Verband stellt Strafanzeige gegen Apothekenkunden |
Alexander Müller |
02.10.2025 14:30 Uhr |
Der Thüringer Apothekerverband hat Strafanzeige gegen einen Mann gestellt, der ein Schmähvideo gegen eine Apothekerin veröffentlicht hat. / © Adobe Stock/Animaflora PicsStock
Der Beschuldigte hatte sein Video am 20. August auf Tiktok veröffentlicht. Darin regt er sich über den Preis für den Reimport auf – und wird dabei schwer ausfallend. Über die namentlich genannte St. Georg Apotheke von Inhaberin Uta Mühle sagt er unter andere, »diese Mistschweine«, »diese dreckigen Mistratten« und »da würde ich nicht mehr hingehen, sind Verbrecher, sind Juden«.
Aus Sicht des ThAV sind die Aussagen nicht nur grob beleidigend, »sondern enthalten zudem eine antisemitische Schmähung, die über eine individuelle Beleidigung hinaus die Menschenwürde berührt und geeignet ist, den öffentlichen Frieden zu stören«, heißt es in der Strafanzeige, die der PZ vorliegt.
Wie es zu dem Hassvideo kam, hat Apothekerin Mühle gegenüber der PZ ausführlich geschildert. Auch in der Strafanzeige wird der Hintergrund der mutmaßlichen Straftat berichtet: Die verordnete Salbe war nur als Reimport erhältlich – mit Originalverpackung aus dem Ausland und kyrillischem Aufdruck. Der Kunde hatte den Aufkleber des Reimporteurs von der Packung entfernt und fühlte sich wegen des Preises von der Apotheke übervorteilt.
Der ThAV stellt in der Strafanzeige klar, dass sich der deutsche Preis eben nicht nach dem auf der ausländischen Packung aufgedruckten Wert richte, sondern nach den zwingenden Vorgaben der Arzneimittelpreisverordnung (AMPreisV). »Ein Abweichen hiervon wäre für unsere Mitgliedsapothekerin rechtswidrig gewesen und hätte berufsrechtliche Konsequenzen nach sich ziehen können.« Apothekerin Mühle hatte demnach »keinerlei Spielraum bei der Preisgestaltung«.
Die im Video verwendeten Schimpfworte stellen aus Sicht des Verbands eindeutige Beleidigung gemäß § 185 Strafgesetzbuch (StGB) dar, die die Ehre und Würde der betroffenen Apothekerin verletzen.
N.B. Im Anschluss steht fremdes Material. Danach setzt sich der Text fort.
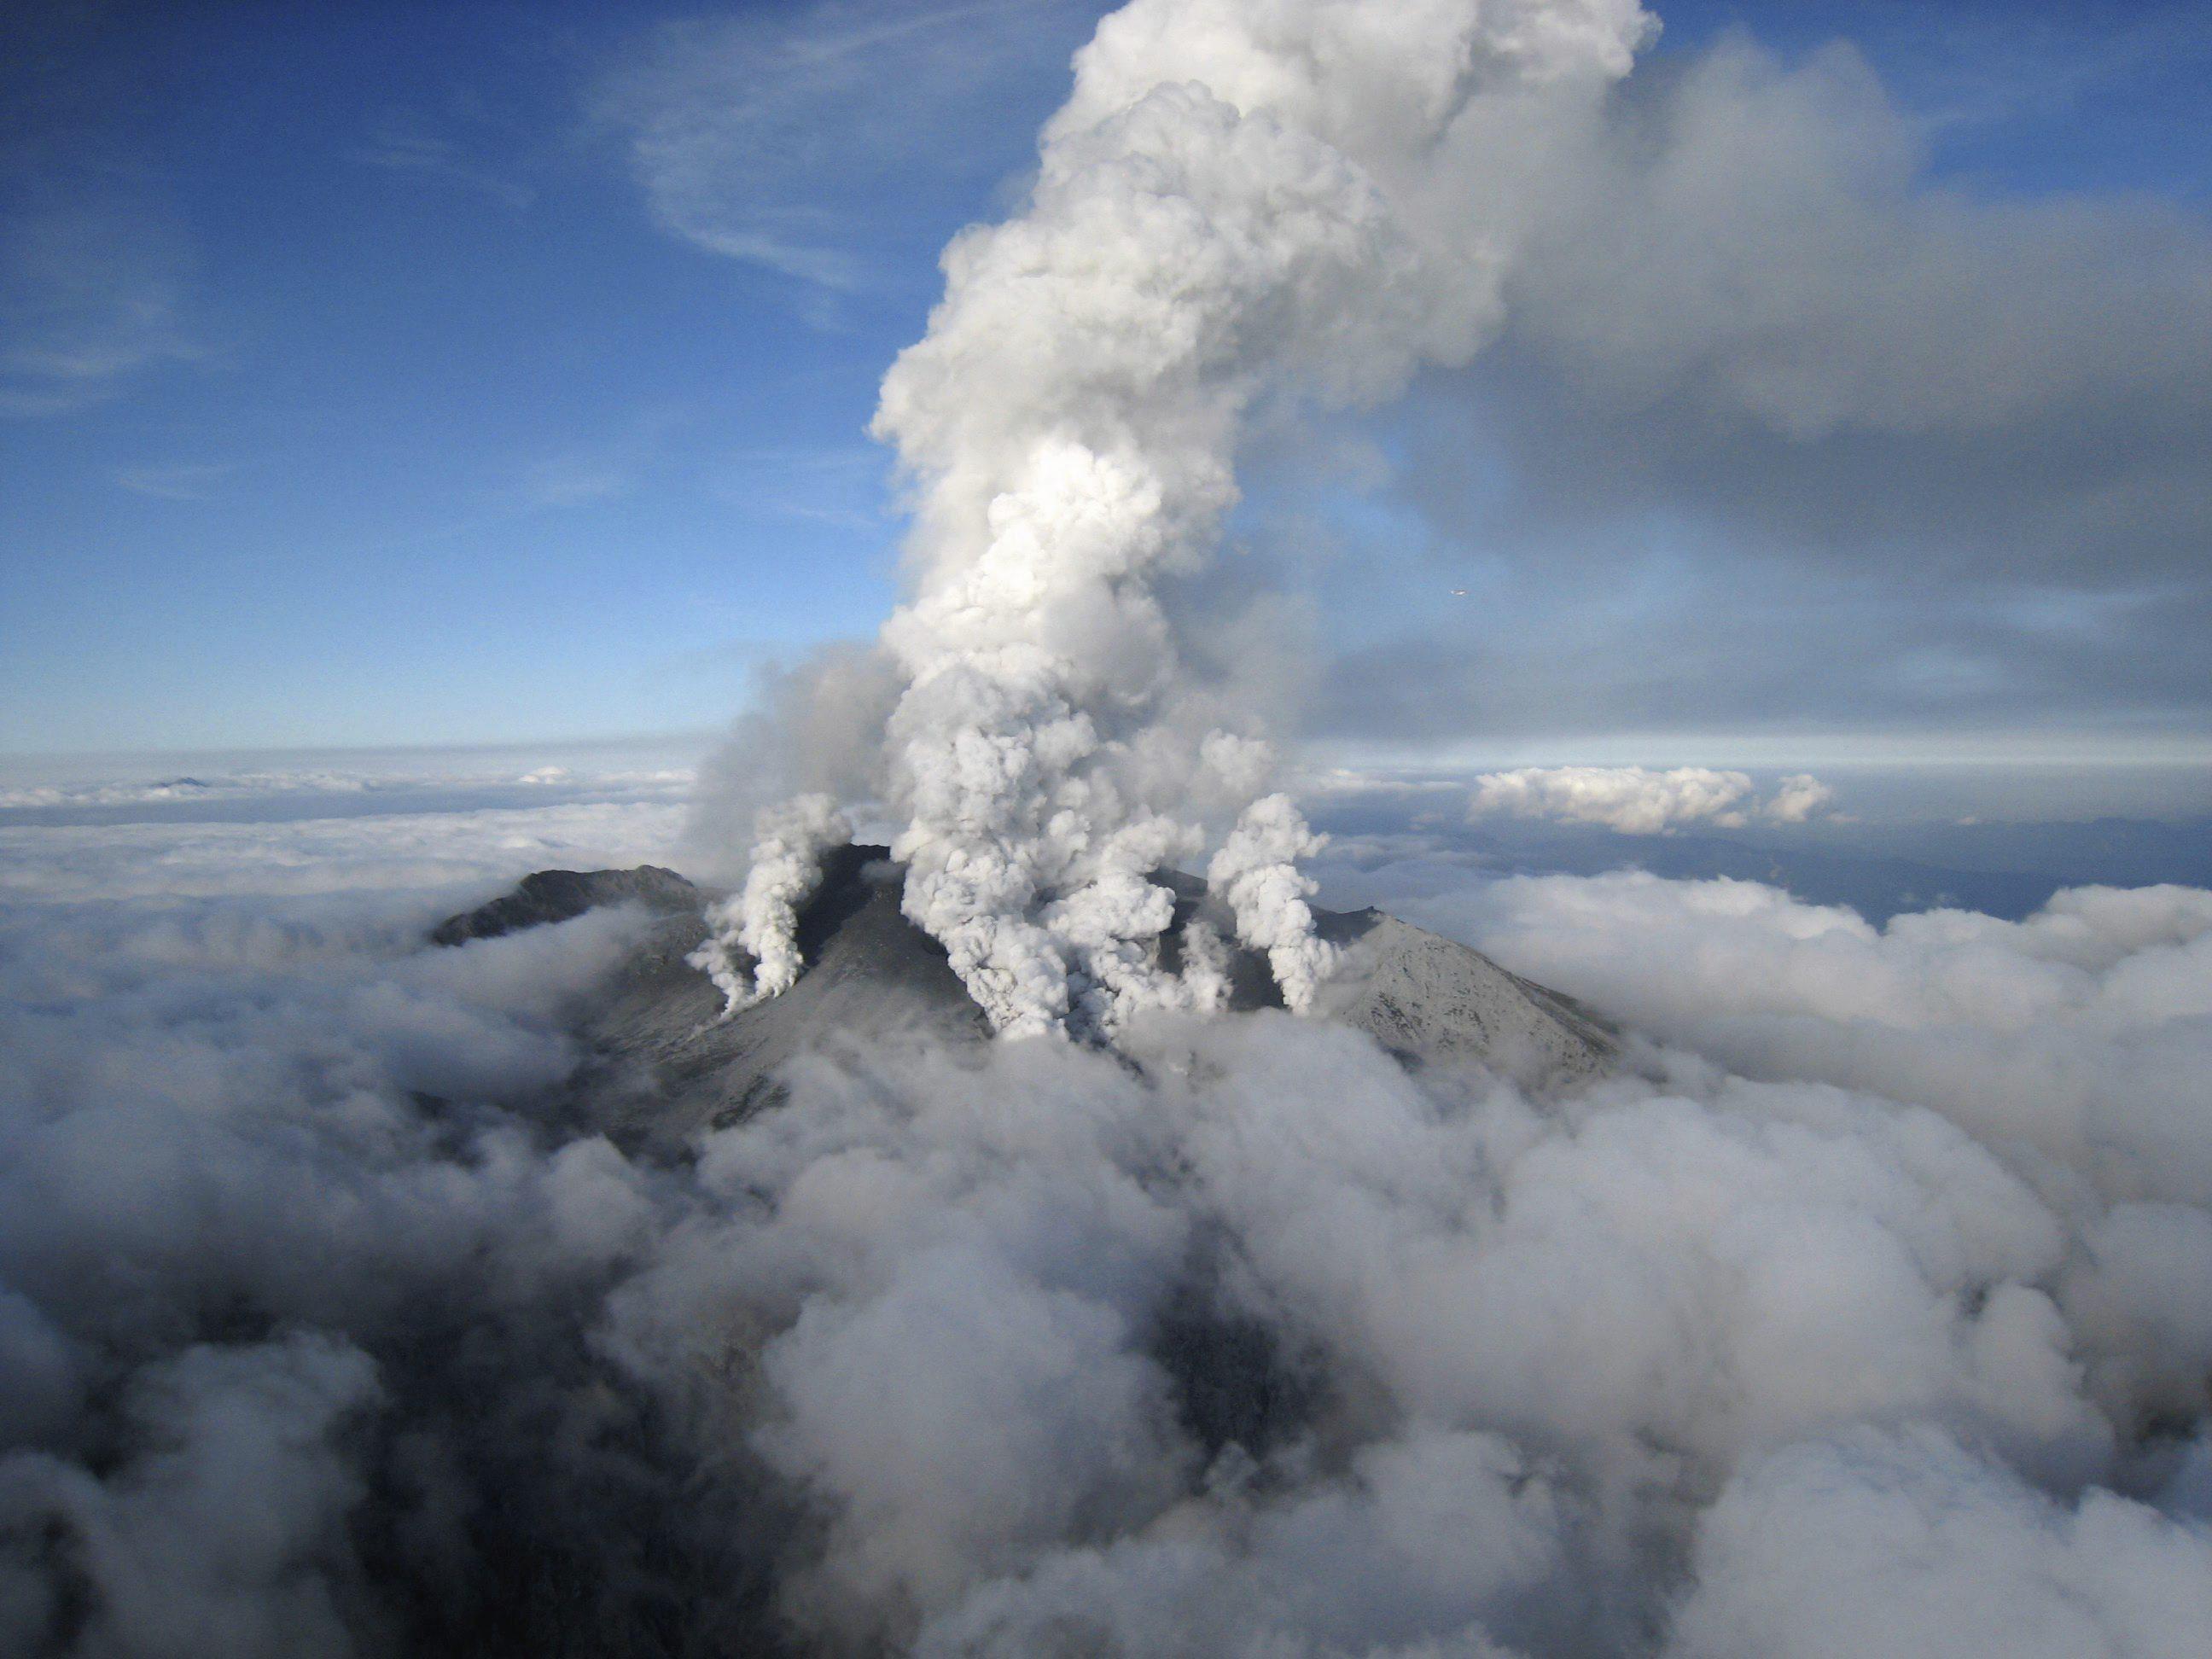 Científicos provocan un mini terremoto con 200 kg de dinamita para estudiar las erupciones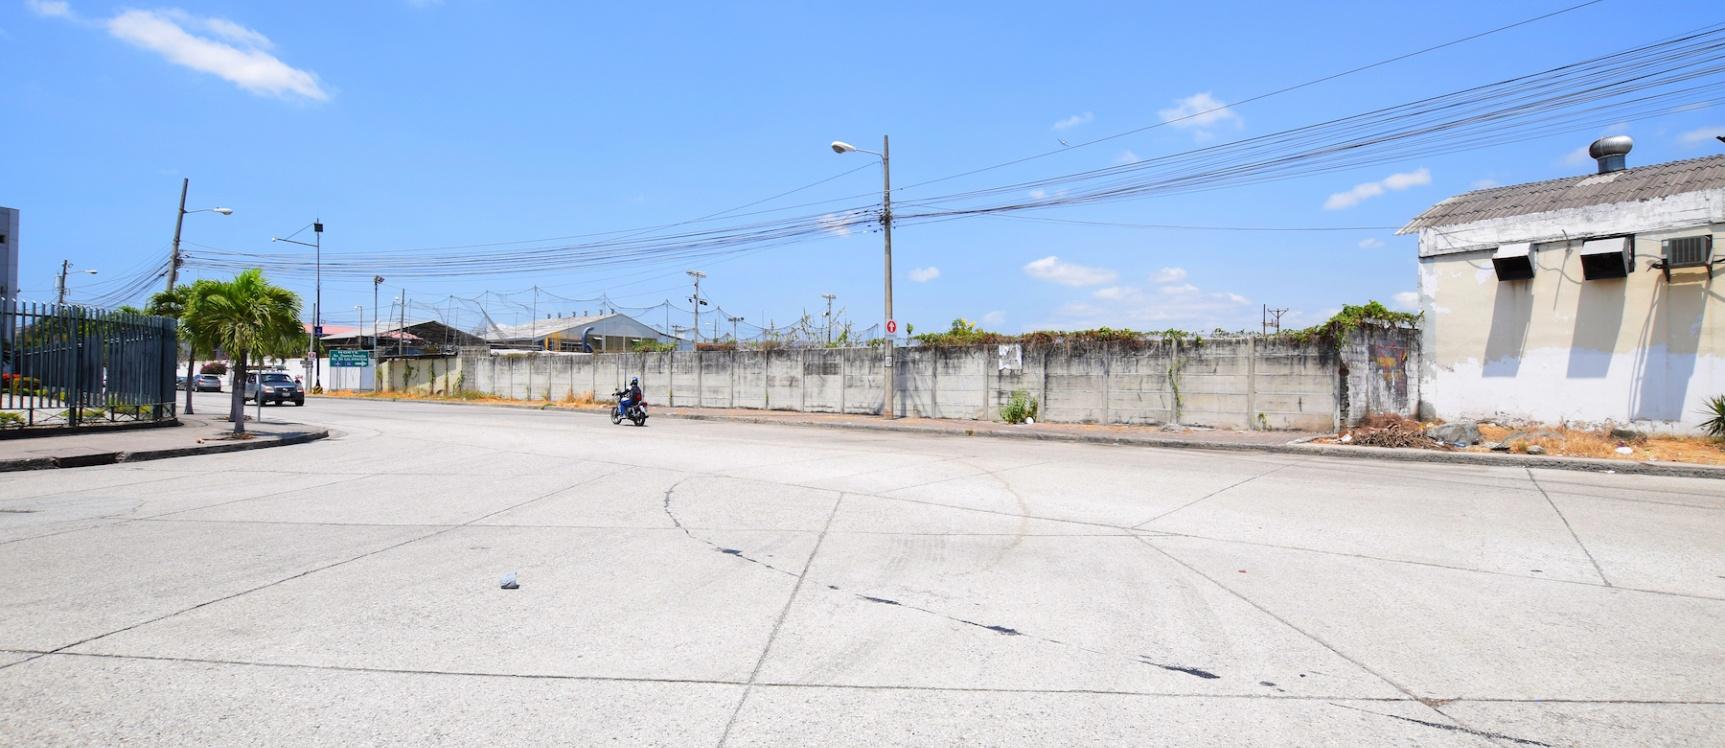 GeoBienes - Terreno en alquiler ubicado en La Atarazana, Norte de Guayaquil - Plusvalia Guayaquil Casas de venta y alquiler Inmobiliaria Ecuador

Auch die üble Nachrede und Verleumdung (§§ 186, 187 StGB) sieht der ThAV als erfüllt an, da die Behauptung, die Apotheke sei »verbrecherisch« tätig, eine ehrverletzende Tatsachenbehauptung sei.
Und im Kontext einer Schmähung stelle die Formulierung »sind Juden« eine antisemitische Herabwürdigung dar. Sie sei geeignet, Hass gegen eine religiöse Gruppe zu schüren und den öffentlichen Frieden zu stören. Damit wäre der Tatbestand der Volksverhetzung (§ 130 StGB) erfüllt.
Der Verband bittet die Staatsanwaltschaft, gegen den Beschuldigten ein Ermittlungsverfahren einzuleiten und die strafrechtliche Relevanz der geschilderten Aussagen zu prüfen.
ThAV-Geschäftsführer Alexander Schneeberg sagte gegenüber der PZ: »Wir haben uns nach Rücksprache mit dem Anwalt von Frau Mühle entschlossen, als Verband selbst Strafanzeige zu erstatten, um uns schützend vor sie zu stellen. Wir hoffen, dass wir damit den Fokus dieses hasserfüllten Menschen zumindest teilweise von Frau Mühle weglenken können«.
Es sei erschütternd, mitansehen zu müssen, wie man so unvermittelt in eine derartige Situation geraten könne, so Schneeberg weiter. »Noch beschämender ist, dass das soziale Netzwerk nach all den Jahren seiner Existenz nicht in der Lage war, einen derart hetzerischen Beitrag trotz mehrfacher Meldungen umgehend zu entfernen.« Mehrere zehntausend Aufrufe und etliche Kommentare sprächen für sich. »Meine Erwartung ist, dass solche Inhalte sofort herausgefiltert und die Verantwortlichen unverzüglich gesperrt werden«, fordert Schneeberg.
Apothekerin Mühle erfährt nicht nur vom Verband und ihrer Kammer Unterstützung. Auch die Lokalpresse berichtet über den Vorfall, auch die »Bild«-Zeitung hat sich schon gemeldet.